I was too lazy to read your code, but I read that one line, and it kind of scared me.
• 05-01-2008
abachler
Mathemeticians talk about the winner take last because loser takes last is a solved problem. Whoever goes first loses if the other player knows the solution.
• 05-04-2008
guesst
Quote:

Originally Posted by DavidP
I was too lazy to read your code, but I read that one line, and it kind of scared me.

I just mean that without my wife I'll stay up all night instead of going to bed at a reasonable time.

Quote:

Originally Posted by abachler
Mathemeticians talk about the winner take last because loser takes last is a solved problem. Whoever goes first loses if the other player knows the solution.

No, they talk about winner take last because it's easier and technically misere is just and extension of it. Compare here's what the best move function would look like playing the "normal" version:
Code:

```int bestmove (int *bmoves, int *p, int nimber) {   int c, d, nummoves, number;   nummoves = 0;   if (!nimber) {     printf ("\nThe nimber is 0, which means there is no best move right now.");     for (c = 0; c < MAXPILES; c++) if (p[c]) { /* random moves */       nummoves ++; bmoves[c] = p[c] - rand() &#37; p[c];     }   } else { /* the nimber has a value, so we must have a move. Easy first */     for (c = 0; c < MAXPILES; c++)       if ((p[c] & nimber) == nimber) {         nummoves ++;         bmoves[c] = nimber;       }     if (nummoves)       printf ("\nThere is/are %d relatively easy good moves.\n"       "Hint: Look for the binary nimber within a pile, and take the nimber's "       "number\nof pieces away from that pile.\n", nummoves);     else {       printf ("\nGood moves are hard to find here. Look at the row(s):\n");       for (c = 0; c < MAXPILES; c++) for (d = 0; d < p[c]; d++)       if (!(nimber ^ p[c] ^ d)) {         nummoves++;         bmoves[c] = p[c] - d; printf ("Row %d, ", c + 1);       }       printf ("\nRemember, to leave your opponent with a nimber of zero\n"       "Good luck.\n");     }   }   return nummoves; }```
The difference? I removed 17 lines of code and now it plays to take that last piece. The strategy is exactly the same, up until the end game. Playing misere means the strategy has to change right at the end, but the method of keeping control is exactly the same up to that point.

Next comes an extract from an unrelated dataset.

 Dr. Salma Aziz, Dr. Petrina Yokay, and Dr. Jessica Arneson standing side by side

Mathematicians are lazy, man. Thorough, but lazy. We'll sum up 20 pages of proof with "from here the solution is academic," which really means, "bugger all, it's going to take us 20 more pages to finish this right. You do it."

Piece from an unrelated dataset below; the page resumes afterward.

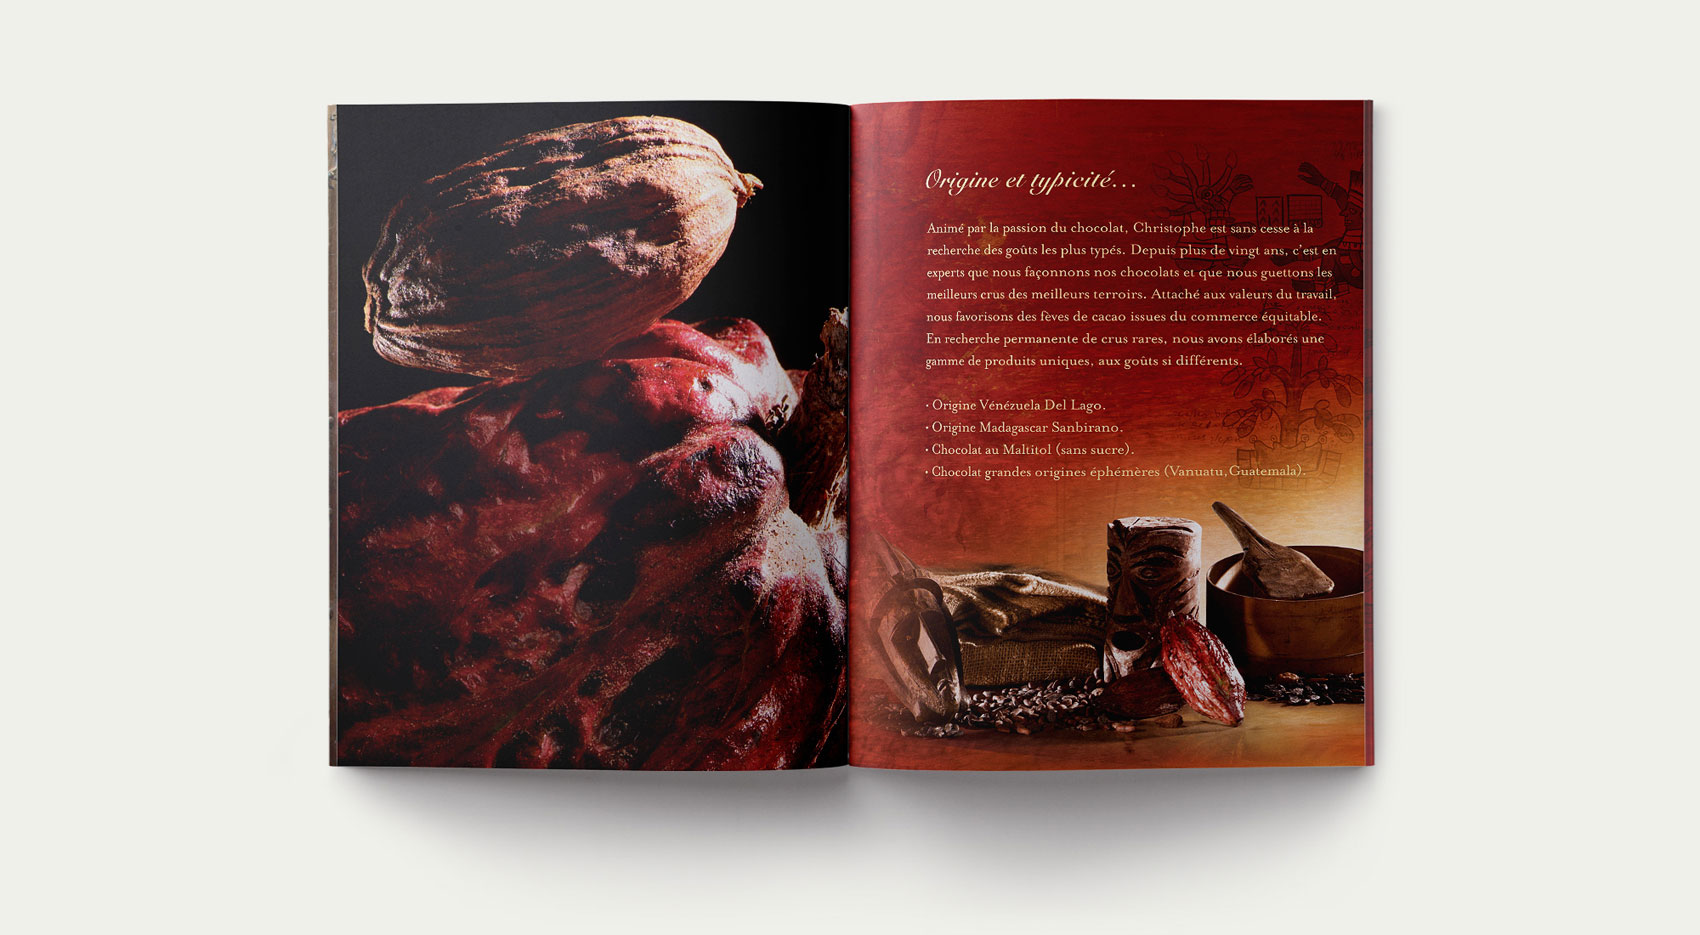 brochure-christian-8

What drives me crazy is that lazyness affected the vocabulary. I was under the impression that the misere version of nim was the way to play it, the way everyone played it. Then I run into the mathematical analysis of the game and suddenly the normal way of playing it (misere) is not what they called the normal play. So the variant gets to be called normal because it's solution is shorter.

Sorry, going off on my own kind here.